Australia’s mining industry is poised for good news as China's anticipated surge in scrap iron steel has failed to materialize. This development comes as three of Australia's biggest mining companies, BHP, Rio Tinto, and Fortescue, are scheduled to release their financial reports next week.
Iron ore, a key commodity for these mining giants, has maintained a robust price of above $100 per tonne for the past year, making it a significant profit driver for BHP and Rio Tinto, and the sole source of profit for Fortescue. However, concerns have been raised about a potential decline in iron ore prices due to dwindling construction activity in China, increased usage of locally collected scrap steel, and competition from new African mines, particularly Simandou in Guinea.

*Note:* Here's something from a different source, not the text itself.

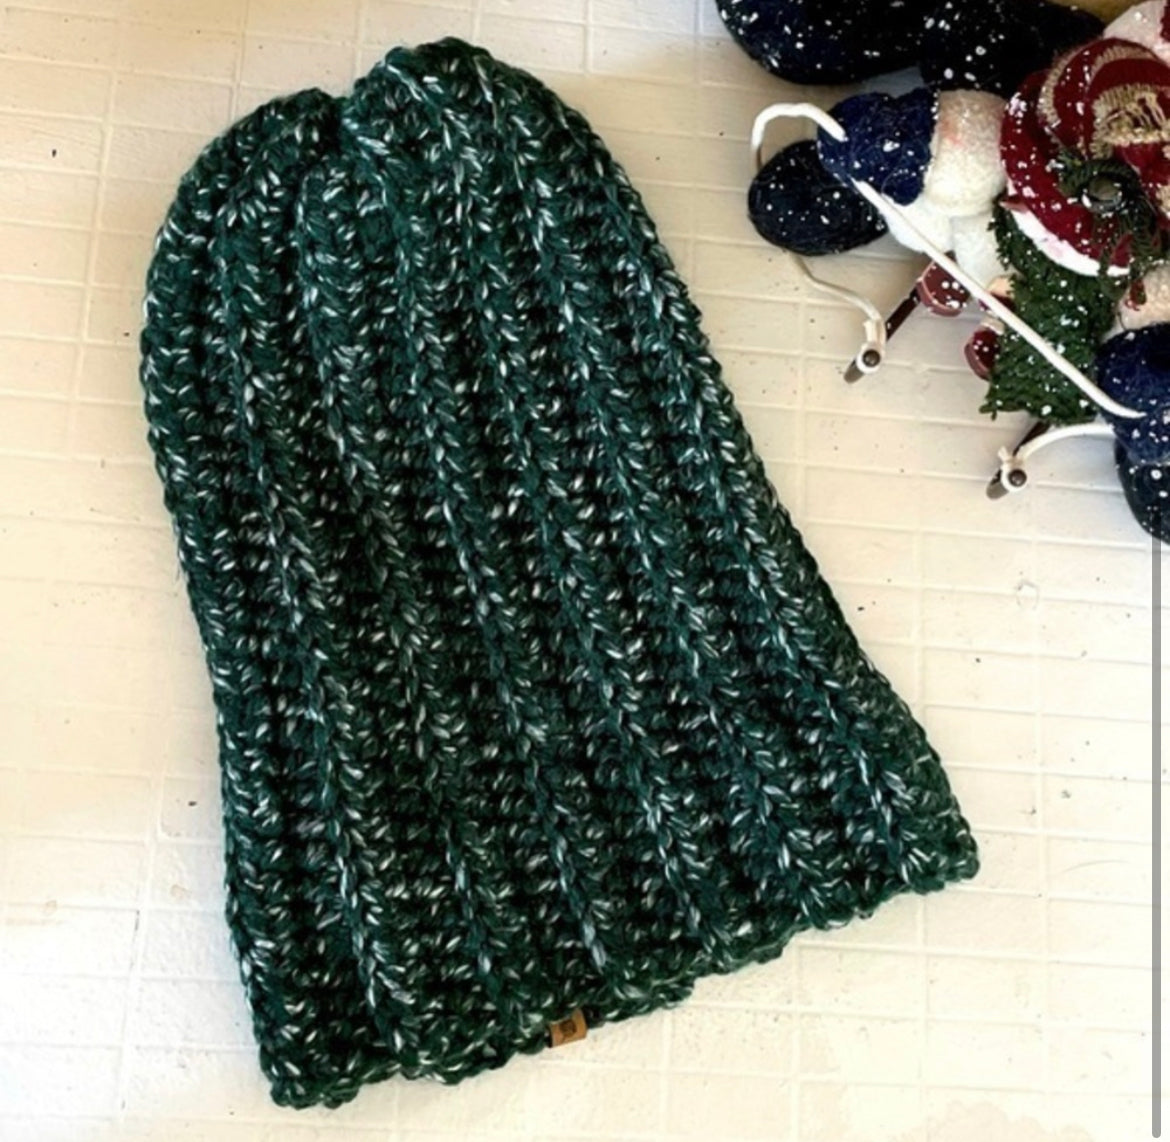 Extra Warm Ribbed Cable Knit Hat Forest Green & White Marbled Hand Crocheted Beanie 21" Winter Unisex Outdoor Stretch Adjustable Cuff

Westpac Bank's latest commodity research note predicted a lower iron ore price, projecting a drop from $127 to $113 per tonne in the June quarter, with further decline to $91 per tonne by the end of the year. However, Morgan Stanley disagrees with this outlook. In a note published on February 9, the bank suggested that iron ore prices would recover and potentially reach $140 per tonne in the June quarter, with the potential for further increase beyond that.
Morgan Stanley's analysis highlights the underwhelming performance of scrap steel in the Chinese steel industry. The bank argues that scrap, which primarily dominates in electric arc furnaces, has not been able to make significant inroads against iron ore as the dominant feed in blast furnaces. Recent estimates suggest that iron ore and metallurgical coal will continue to dominate steelmaking in China for the foreseeable future.
The failure of scrap steel to gain traction can be seen as contrary to expectations set by a 2017 McKinsey & Company study that projected a substantial increase in the availability of scrap. Even the Chinese government had anticipated a larger share of steel production from electric arc furnaces using scrap, but this forecast now appears overly optimistic.
Several factors contribute to the limited utilization of scrap steel, including ongoing deflation and weak steel profits in China. These circumstances have sustained demand for iron ore and dampened the scrap steel threat.
In conclusion, Australia's mining companies can breathe a sigh of relief as the anticipated surge in scrap iron steel in China has not materialized. This bodes well for BHP, Rio Tinto, and Fortescue as they prepare to release their financial reports. Iron ore prices have remained robust, contrary to predictions of a decline, thanks to the limited adoption of scrap steel in the Chinese steel industry. While challenges remain, the current market dynamics favor the continued demand for iron ore.